- Route taken by Herman Klink during the shooting
- Location: Cleveland, Ohio, U.S.
- Date: March 6, 1933
- Target: Civilians
- Attack type: Mass murder, spree shooting, mass shooting, shootout
- Weapon: .22-caliber rifle (loaded with expanding bullets)
- Deaths: 6 (including the perpetrator)
- Injured: 6
- Perpetrator: Herman Klink

= 1933 Cleveland shootings =

Mass shooting in Ohio, U.S.

On March 6, 1933, a mass shooting took place in Cleveland, Ohio, United States. Five people were killed and six were wounded before the perpetrator, 40-year-old Herman Klink was shot and killed by police after a brief standoff.

== Shootings ==
On March 6, 1933, Klink went home after reading about a bank holiday in the newspaper and armed himself with a rifle. Despite most of the attack occurring near the Lorain Street Savings and Trust Co. bank, Klink had never deposited any money there, nor had he made any transactions with the bank. However, he had been seen arguing about financial matters at the bank earlier that day.

After arming himself with a .22-caliber rifle, Klink walked out of his Whitman Avenue home and shot a man in the shoulder. The man managed to survive after running for cover behind a tree. Klink then shot 52-year-old Louis Kallay, who had walked out of his house to investigate the gunshot he heard. He also fatally shot 43-year-old Roy Kneale. Klink proceeded on foot to West 38th street, where he mortally wounded Herman Pahler, a patrolman directing traffic in front of St. Mary's Catholic School, after shooting him in the abdomen, groin, and legs. As Albert Marquis, 67, and Joseph Sapko, 22, ran for cover in opposite directions, Klink shot them both in their abdomens. Pahler, Marquis, and Sapko died from their injuries in the hospital days after the shooting. Klink continued to shoot at people who tried to help the other victims.

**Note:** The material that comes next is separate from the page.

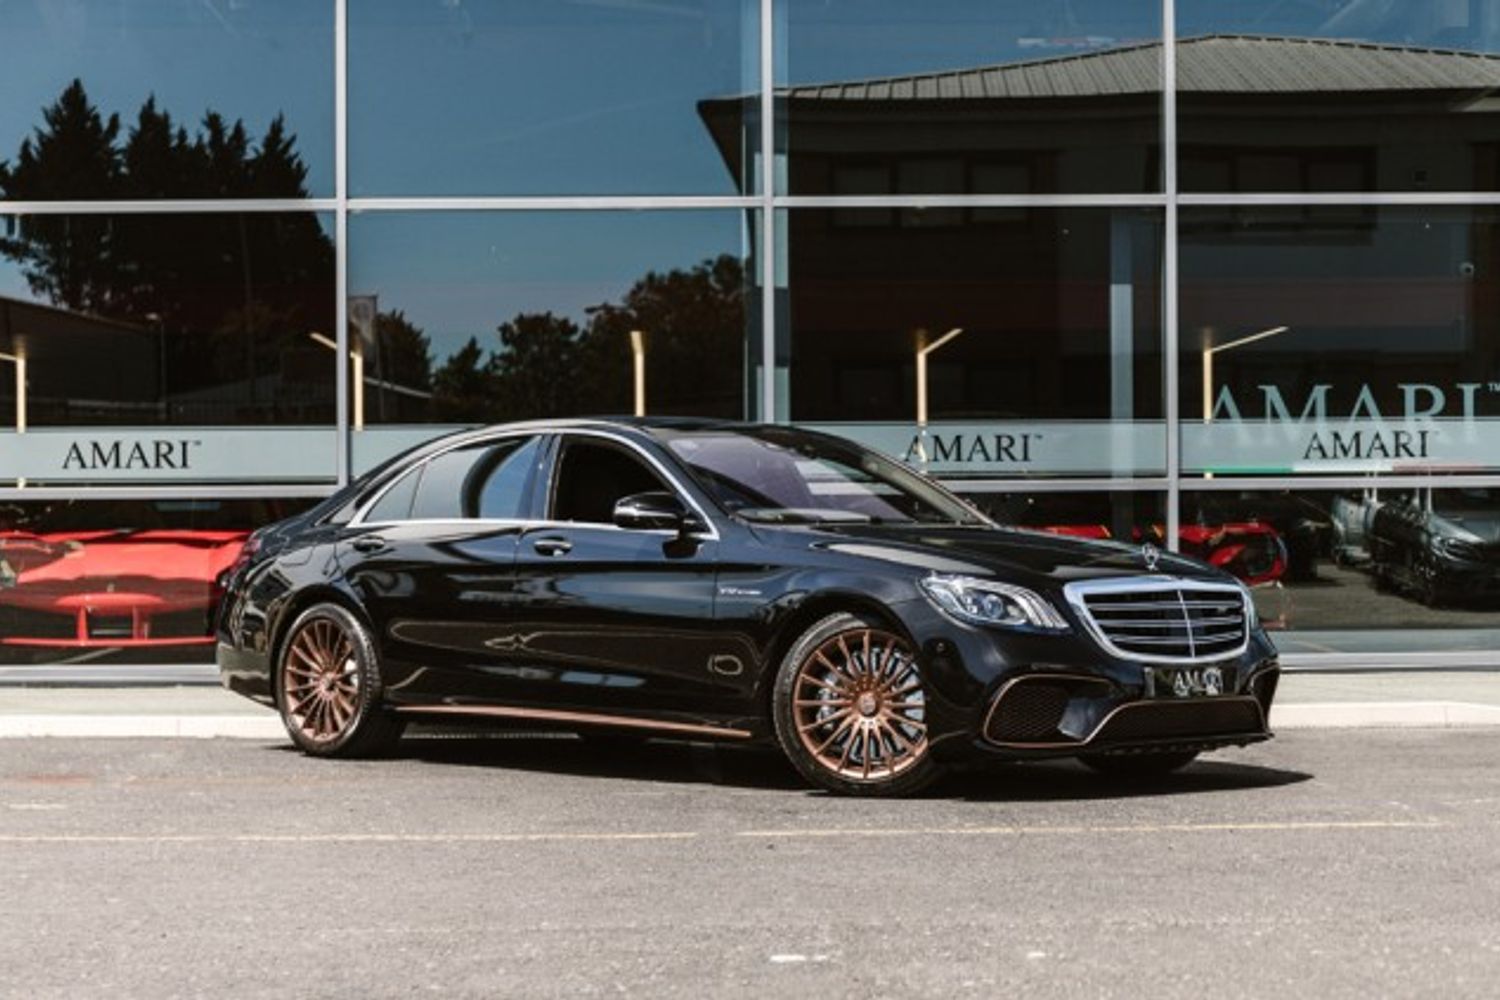 MERCEDES-BENZ S CLASS SALOON 6.0 S65 AMG L 4DR AUTOMATIC

Police officers and armed neighbors chased Klink for several blocks. After opening fire on a squad of detectives pursuing him, Klink was shot to death by detective Jay Cook on Lorain Avenue.

== Victims ==
Five victims died as a result of the shooting:

- Louis Kallay (aged 52)
- Roy Kneale (aged 43)
- Albert Marquis (aged 67)
- Herman Pahler (aged 45)
- Joseph Sapko (aged 22)
Six others were injured during the shooting, the youngest being 11 years old and the oldest being 45 years old.

== Perpetrator ==
Herman Klink (1893 – March 6, 1933) diagnosed with persecutory delusions and dementia praecox. Because of his mental illnesses, he believed that the government was spying on him. Eight months prior to the shooting, Klink was fired from his job as a woodworker because his employer believed he posed a danger to his colleagues. His neighbors described his behavior as strange. His coworkers also thought he was a potential danger, but took no action in reporting him. Klink remained unemployed in the months leading up to the attack.